EXERCISE DESCRIPTION |
Repeat the listing word for word, but skip any pictures.

GIVEN INFORMATION |

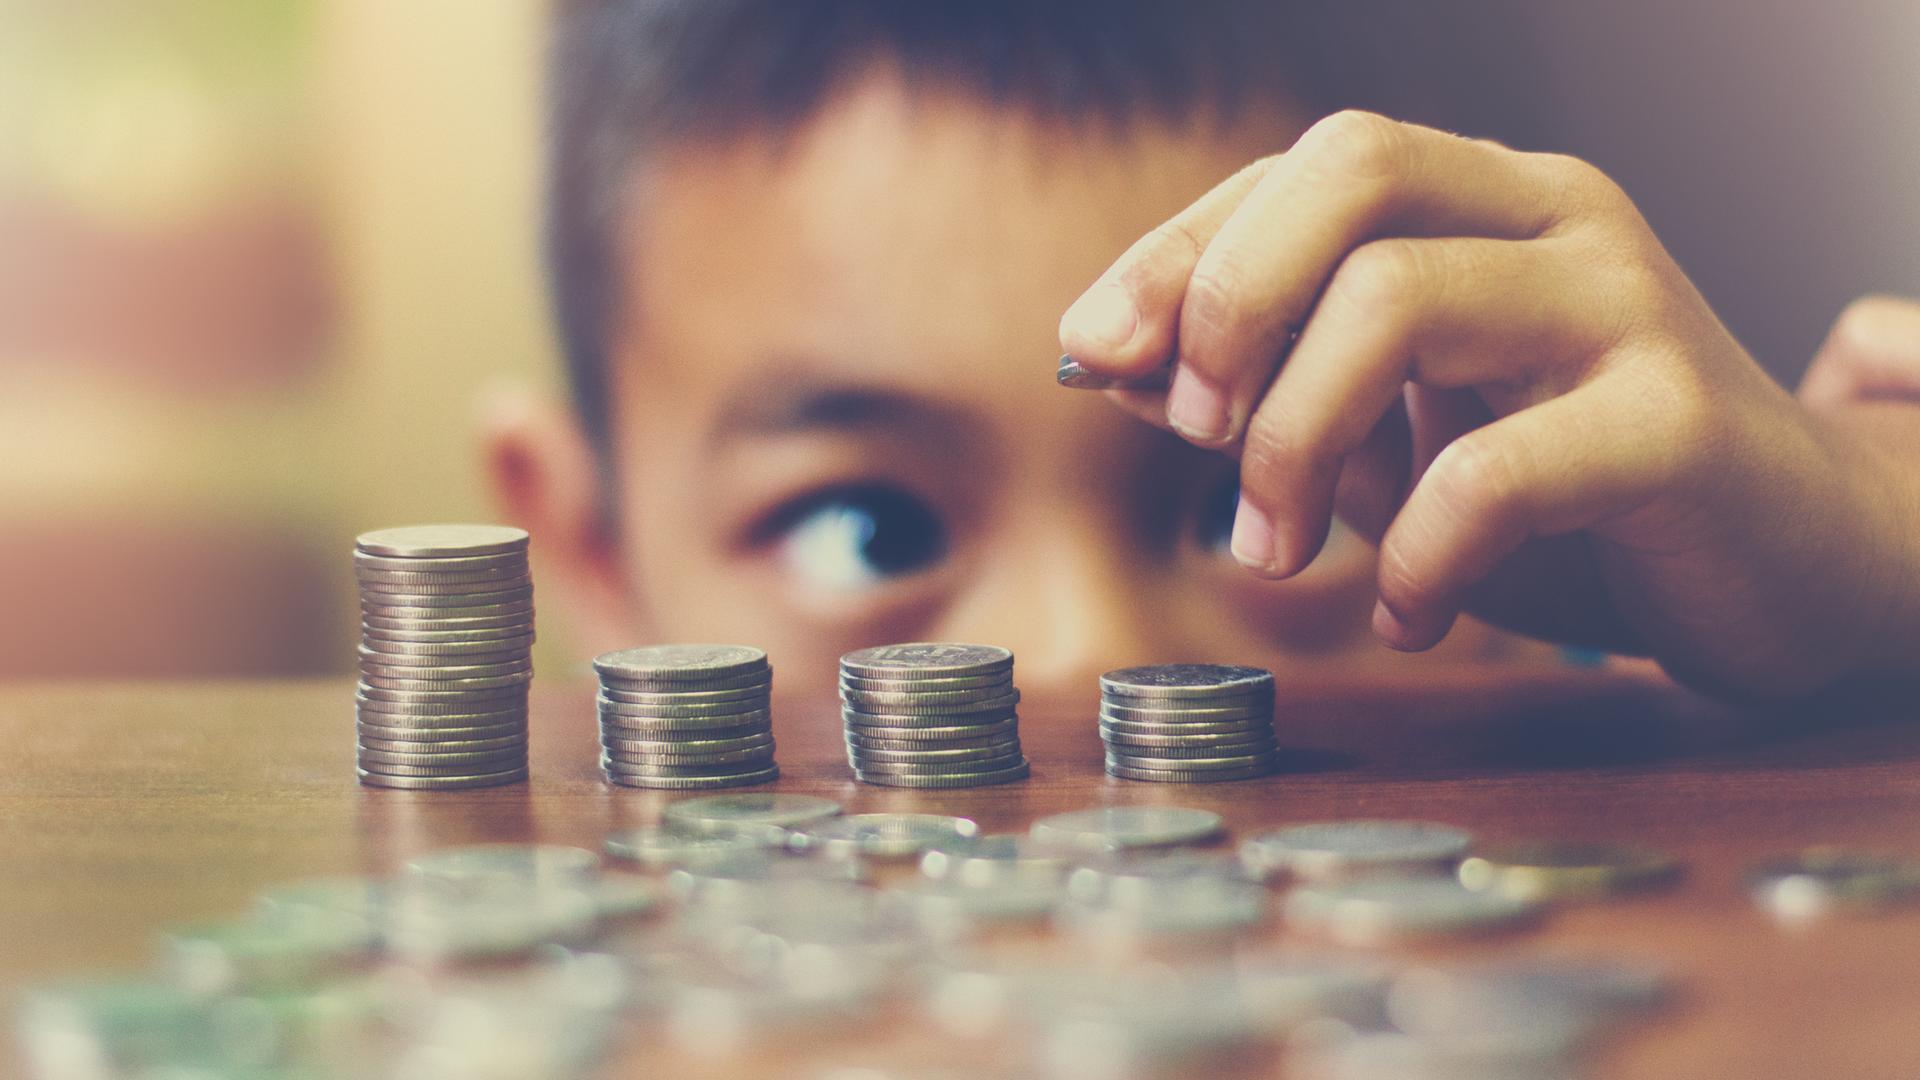 Ein Kind, das gerade eben über die Tischkante schauen kann, stapelt Münzen aufeinander.
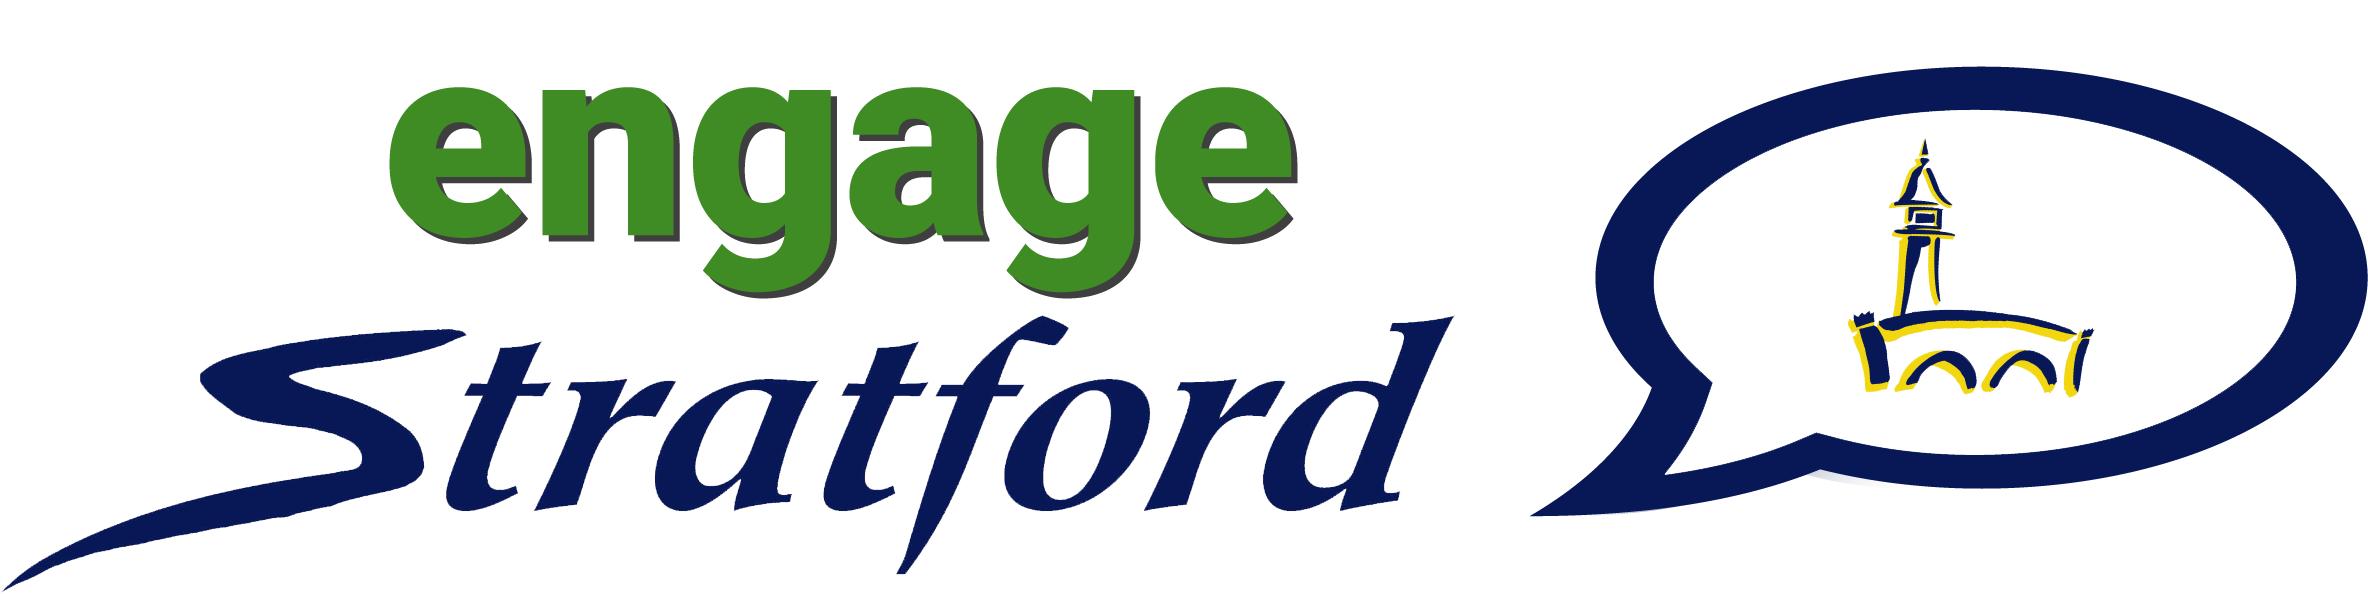 engage Stratford logo
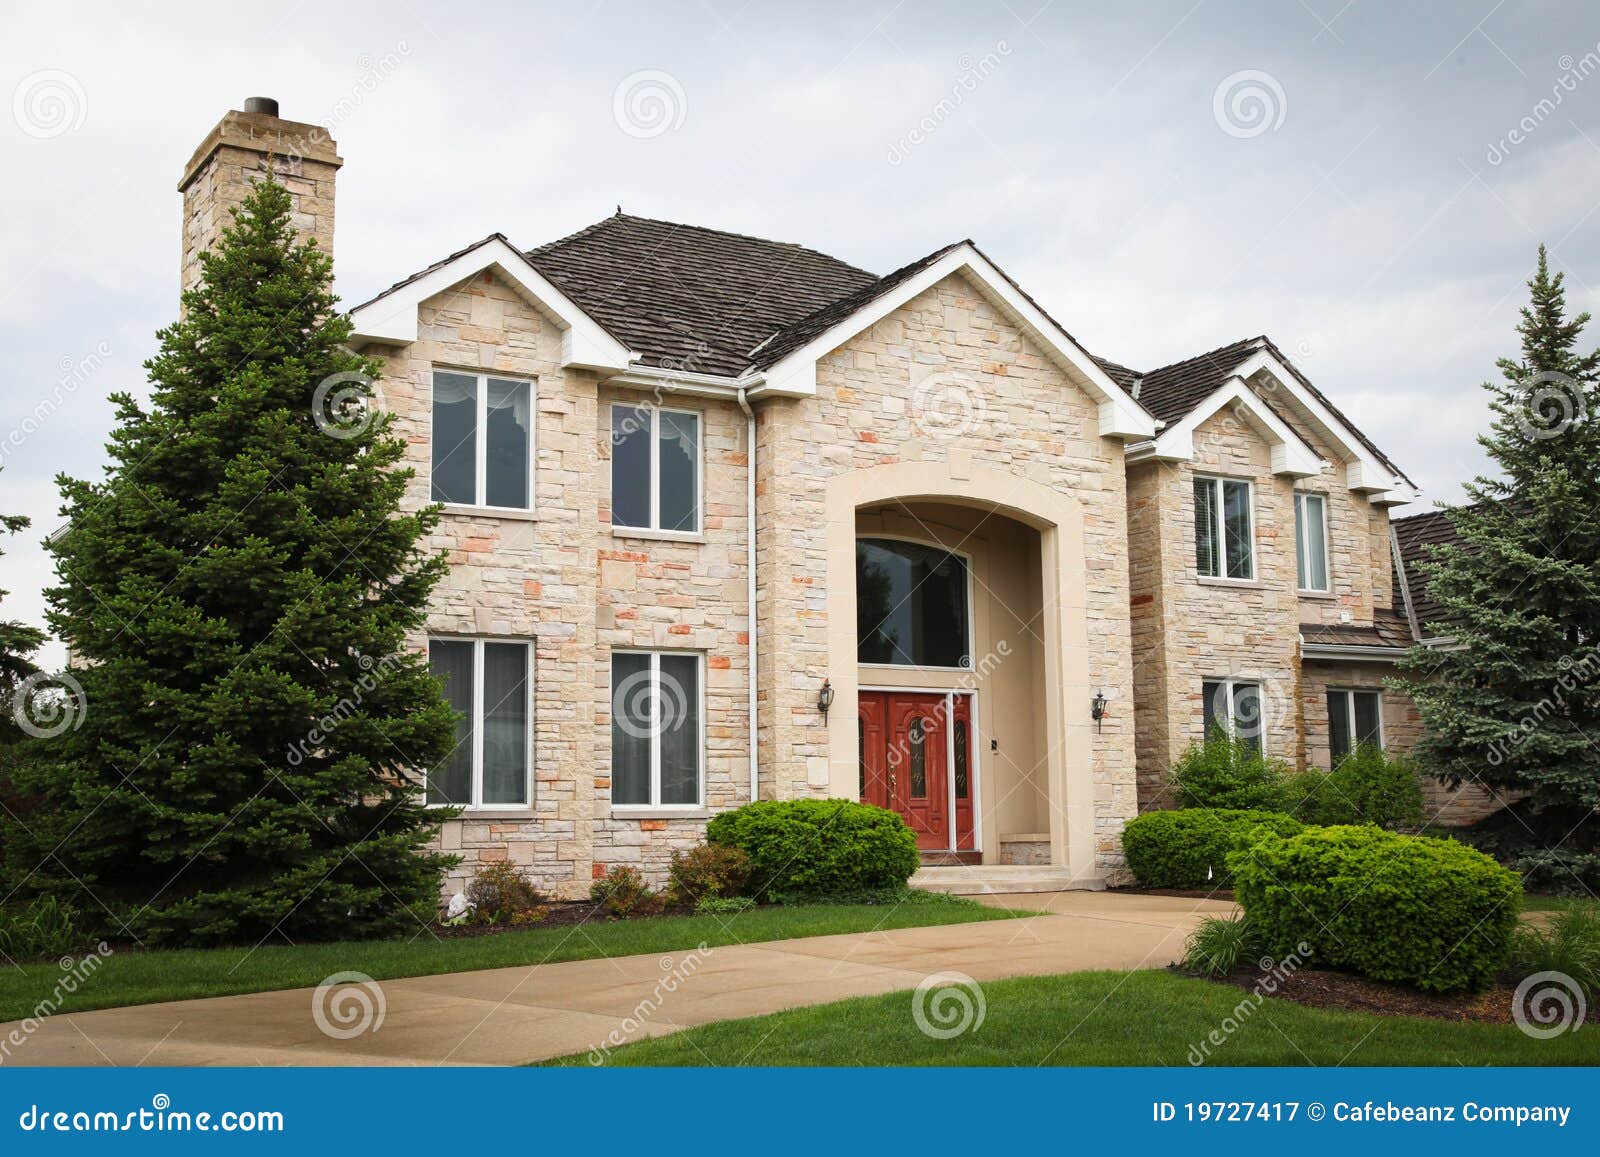 Camera suburbana del mattone. Immagine di una casa unifamiliare con molti finestre e bello abbellimento.
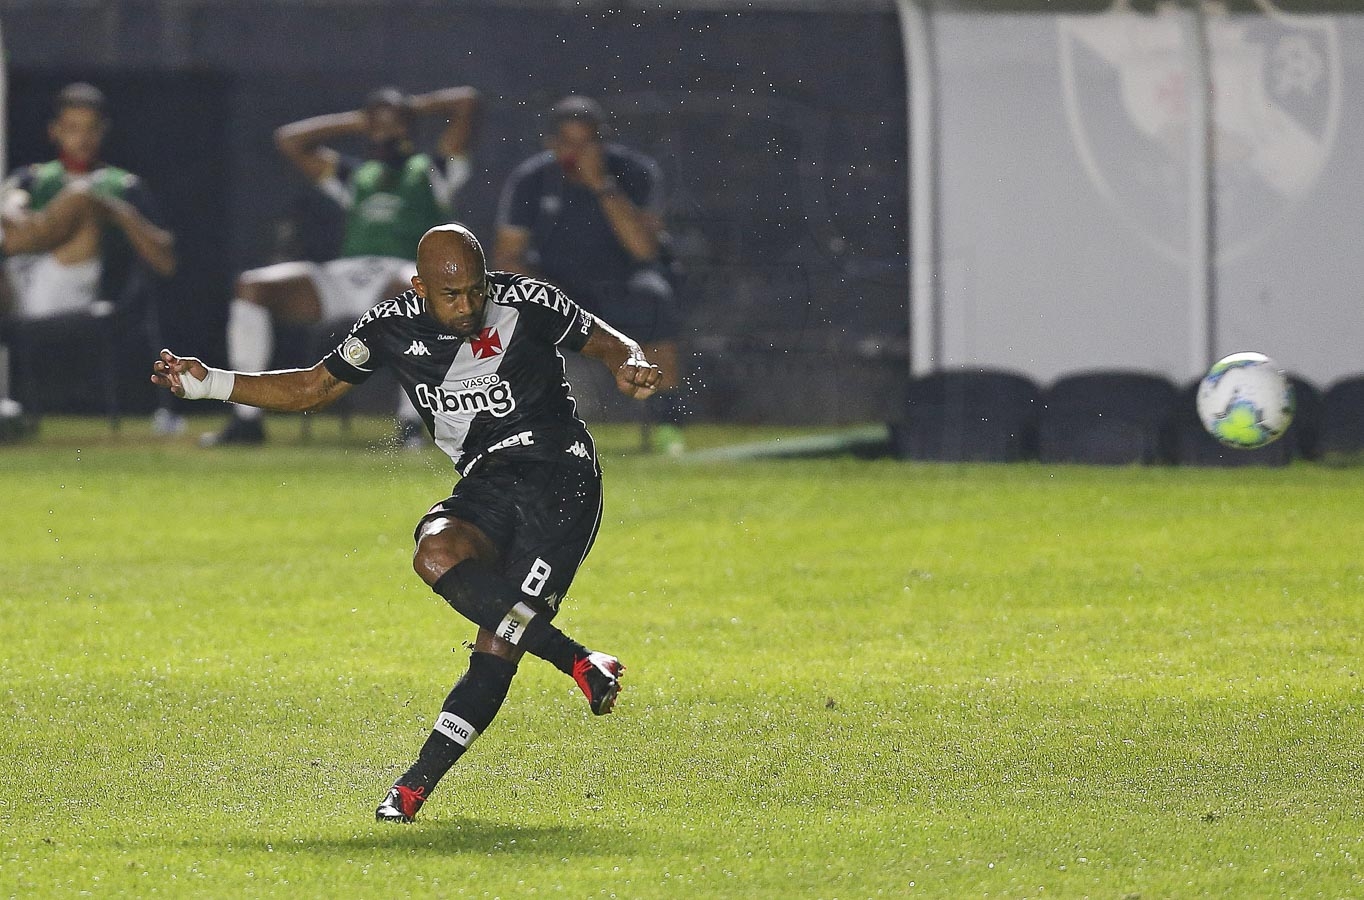 Vasco vence Sport na estreia do Brasileirão com 2 gols de Fellipe Bastos

RESPONSE |
 Ein Kind, das gerade eben über die Tischkante schauen kann, stapelt Münzen aufeinander.
 engage Stratford logo
 Camera suburbana del mattone. Immagine di una casa unifamiliare con molti finestre e bello abbellimento.
 Vasco vence Sport na estreia do Brasileirão com 2 gols de Fellipe Bastos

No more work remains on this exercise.